There is a very special occasion coming up for Mannes. Mannes is celebrating 100 years, a centennial, as a music institution. What does it mean to the Mannes community that this school has been around for 100 years, and what has made Mannes special for the last 100 years?

The Mannes community is very proud of this, as it should be. They want to see us celebrate us in appropriate ways.

Mannes is a miracle.

Mannes has thrived and survived without a big endowment, without availing itself to the scale of other conservatories, in terms of growth,

Mannes went against the grain.

Mannes is one of the last places for students to sing solfege in seven clefs.

Now, that is probably going to change.

Mannes was able to honor tradition and not go out of business – while other schools felt that some tradition had to be forgone, Mannes was able to maintain its identity in deep Schenkerian work.

Mannes was created in some ways for the most altruistic and idealistic ways of thinking.

David Mannes didn’t want Mannes to be a professional training school. He only wanted it to exist for the love of music. It was a community school initially, but eventually turned into a professional training program when his son made it big.

His son, who created kodachrome (the first color film for pictures and cinematography), helped fund Mannes for many years off the proceeds of his invention, providing the foundation to make Mannes a professional training school.

So you had a school trying to adhere to the idea of small, of intimate, of deep, and to continue to be there for the love of music.

These things often run in conflict with cold hard business issues.

So in some ways Mannes is an outlier. The fact that it survived and thrived speaks well to the resiliency of classical music and tradition.

At the same time, I think everyone in the Mannes community needs to be more mindful of the actual changes that took place.

What we are proposing here today, while they may be more changes at once than before, is indicative of our true nature – Mannes has always been changing.

In fact, this is the fourth move. It went from being a community music school to becoming a professional training school.

There is something to be said about looking at the resilience of the school. I think more about David Mannes, more than anyone else, about his love for music, and how he wanted to instill that.

Mannes always in a way was a place that was smaller than Juilliard, smaller than the Manhattan School of Music, it was always a little engine that could.

With this new plan, we want to connect Mannes to the New School and enable it do things that will leapfrog beyond the smaller, intimate ideal of the conservatory without losing it.

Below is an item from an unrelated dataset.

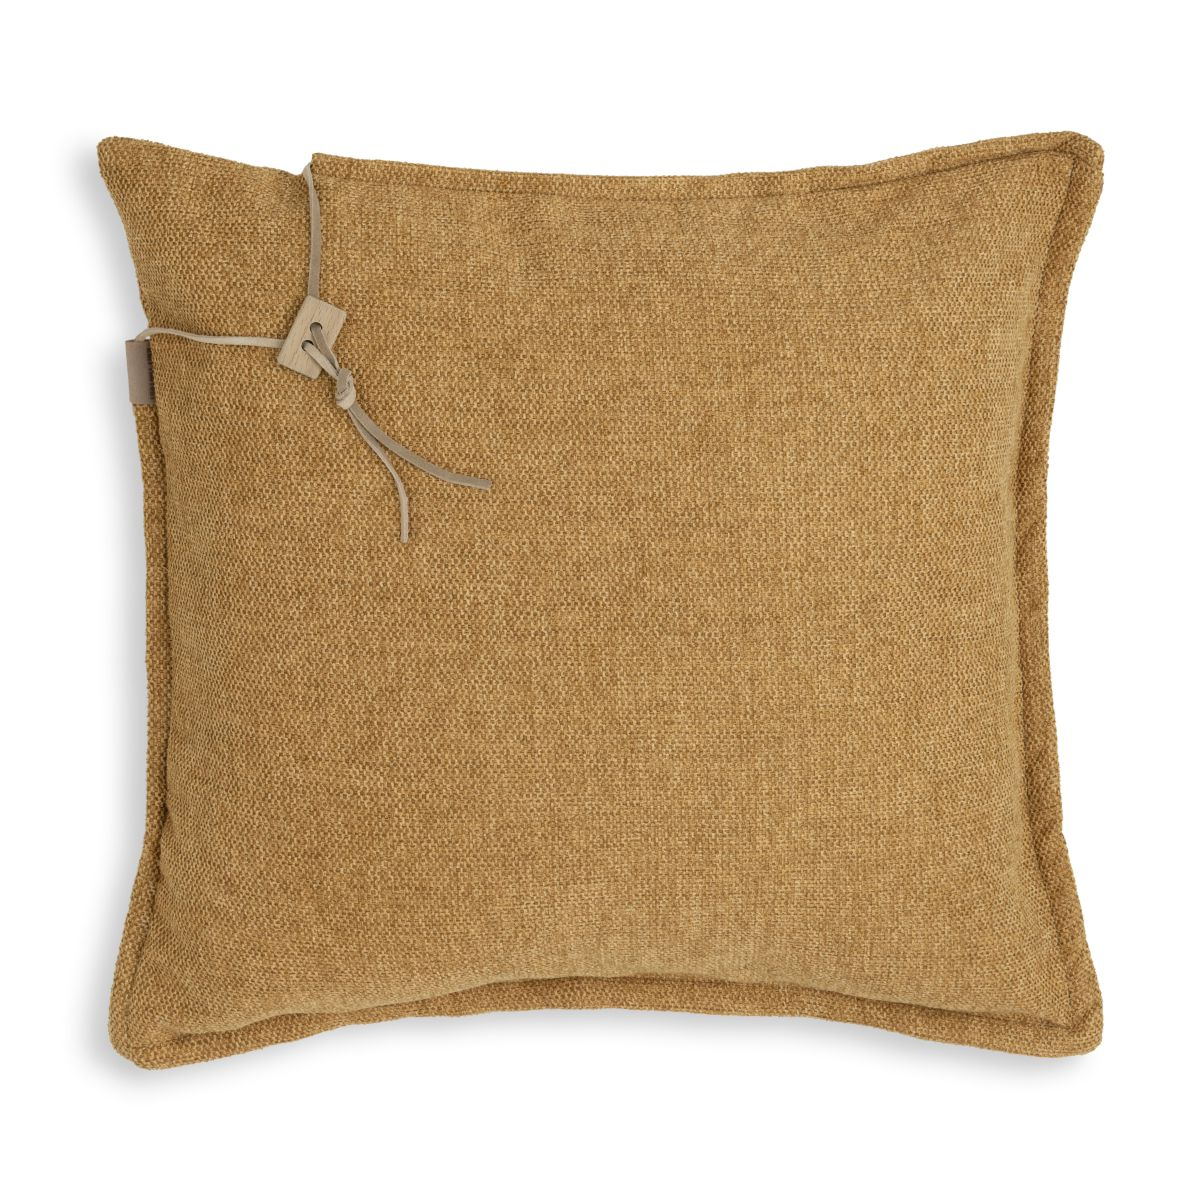 knit factory kf153012017 imre kussen oker 50x50 1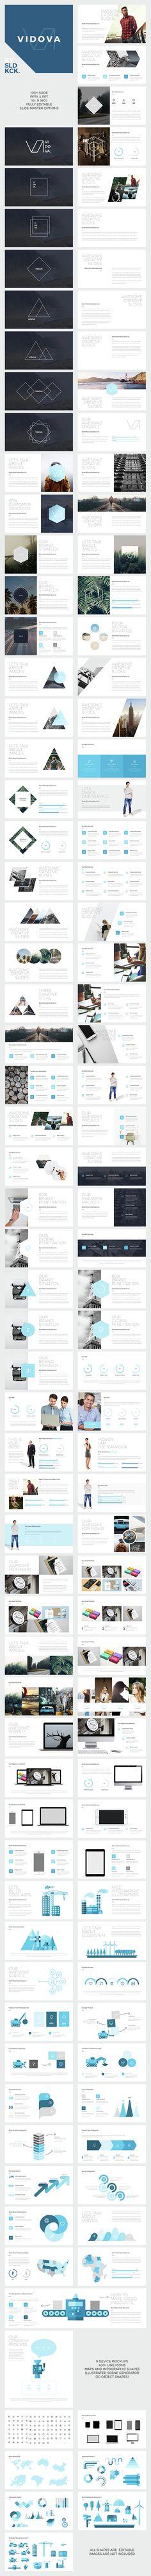 VIDOVA - Modern Powerpoint Presentation (PowerPoint Templates)

I’m not as worried about the size issue, I’m worried about these kind of questions:

“Do you believe in people?

“Are you about people? 

“Do you care about the students intensely?”

I don’t think the scale determines that.

I think that’s about how you feel about people, about having heart, about your commitment to honor the fact that students are investing their lives and money into you.


Part VI. Richard Kessler’s Legacy As Dean of  Mannes

One last question, and it’s more about you Richard. What would you like your legacy to to be here? When it’s all said and done, when you retire, or move to a different place. What would you like it to be?

Legacy…

I think I would like my legacy to be, some sense that I helped to develop and further a community that…that asked questions. That wasn’t afraid to confront the status quo and makes changes when changes are necessary.

That somehow, I helped make Mannes become a more evolutionary and constantly evolving institution.

Some people are asking “when are you going to stop? How many changes can you make, aren’t you going to stop at some point?”

The answer is no – change is a constant.

So I would like my legacy to be this:

Helping Mannes become more of a place with a reflective culture, and in the reflection wasn’t afraid, at all, to make changes, never allowing tradition to stand in the way – ever – of serving its students the best possible education in whatever the time dictated.

If I could do that, I could be happy with that.